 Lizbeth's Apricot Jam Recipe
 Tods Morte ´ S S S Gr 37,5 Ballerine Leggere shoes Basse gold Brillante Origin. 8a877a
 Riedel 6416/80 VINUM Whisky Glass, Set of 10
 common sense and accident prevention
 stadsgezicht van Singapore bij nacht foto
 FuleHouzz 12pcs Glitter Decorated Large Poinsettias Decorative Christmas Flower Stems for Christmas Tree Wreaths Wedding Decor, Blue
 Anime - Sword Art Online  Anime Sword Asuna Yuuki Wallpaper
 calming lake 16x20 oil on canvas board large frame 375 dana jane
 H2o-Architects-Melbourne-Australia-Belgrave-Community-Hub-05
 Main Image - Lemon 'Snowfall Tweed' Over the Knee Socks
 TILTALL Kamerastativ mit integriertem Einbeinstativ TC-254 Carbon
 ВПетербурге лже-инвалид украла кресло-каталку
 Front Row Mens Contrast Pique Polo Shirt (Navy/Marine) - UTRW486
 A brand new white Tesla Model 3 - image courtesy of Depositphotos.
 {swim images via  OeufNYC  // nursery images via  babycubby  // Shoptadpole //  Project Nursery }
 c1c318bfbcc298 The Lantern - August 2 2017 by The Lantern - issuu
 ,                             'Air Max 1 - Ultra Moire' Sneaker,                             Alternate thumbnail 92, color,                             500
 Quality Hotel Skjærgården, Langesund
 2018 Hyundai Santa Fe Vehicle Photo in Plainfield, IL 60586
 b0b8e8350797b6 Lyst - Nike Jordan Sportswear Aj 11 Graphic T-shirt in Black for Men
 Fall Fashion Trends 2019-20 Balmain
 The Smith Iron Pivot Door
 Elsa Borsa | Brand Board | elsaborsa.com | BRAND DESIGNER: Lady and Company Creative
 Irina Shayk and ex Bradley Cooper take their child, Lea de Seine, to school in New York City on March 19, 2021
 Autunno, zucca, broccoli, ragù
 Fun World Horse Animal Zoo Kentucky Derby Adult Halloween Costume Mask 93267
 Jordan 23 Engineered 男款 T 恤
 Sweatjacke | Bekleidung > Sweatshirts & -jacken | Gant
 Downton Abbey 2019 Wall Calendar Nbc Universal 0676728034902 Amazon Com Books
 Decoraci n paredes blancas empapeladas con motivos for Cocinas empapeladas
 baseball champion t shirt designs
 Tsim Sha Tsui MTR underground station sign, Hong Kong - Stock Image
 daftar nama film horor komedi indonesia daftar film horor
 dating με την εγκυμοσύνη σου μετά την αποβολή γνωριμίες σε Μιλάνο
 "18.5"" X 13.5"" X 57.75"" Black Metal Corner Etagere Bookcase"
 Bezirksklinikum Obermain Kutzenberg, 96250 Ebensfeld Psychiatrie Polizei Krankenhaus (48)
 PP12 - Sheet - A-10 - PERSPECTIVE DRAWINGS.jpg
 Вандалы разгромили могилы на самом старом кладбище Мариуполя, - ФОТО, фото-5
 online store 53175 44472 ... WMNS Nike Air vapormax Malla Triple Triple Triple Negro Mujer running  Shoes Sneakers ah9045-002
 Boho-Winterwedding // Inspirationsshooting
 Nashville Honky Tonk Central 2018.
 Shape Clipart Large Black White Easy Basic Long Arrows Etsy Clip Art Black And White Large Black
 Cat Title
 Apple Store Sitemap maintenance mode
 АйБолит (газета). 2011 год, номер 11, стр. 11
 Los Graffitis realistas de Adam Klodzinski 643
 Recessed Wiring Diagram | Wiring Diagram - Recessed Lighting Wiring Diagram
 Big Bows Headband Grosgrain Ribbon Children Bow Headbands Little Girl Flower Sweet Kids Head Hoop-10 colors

┄┄┄┄┄┄

• [REQUIREMENT] From the records above, quote only the lines running from the line with "Downton Abbey 2019" to the line with "online store 53175", both lines included.

• [YOUR RESPONSE]
 Downton Abbey 2019 Wall Calendar Nbc Universal 0676728034902 Amazon Com Books
 Decoraci n paredes blancas empapeladas con motivos for Cocinas empapeladas
 baseball champion t shirt designs
 Tsim Sha Tsui MTR underground station sign, Hong Kong - Stock Image
 daftar nama film horor komedi indonesia daftar film horor
 dating με την εγκυμοσύνη σου μετά την αποβολή γνωριμίες σε Μιλάνο
 "18.5"" X 13.5"" X 57.75"" Black Metal Corner Etagere Bookcase"
 Bezirksklinikum Obermain Kutzenberg, 96250 Ebensfeld Psychiatrie Polizei Krankenhaus (48)
 PP12 - Sheet - A-10 - PERSPECTIVE DRAWINGS.jpg
 Вандалы разгромили могилы на самом старом кладбище Мариуполя, - ФОТО, фото-5
 online store 53175 44472 ... WMNS Nike Air vapormax Malla Triple Triple Triple Negro Mujer running  Shoes Sneakers ah9045-002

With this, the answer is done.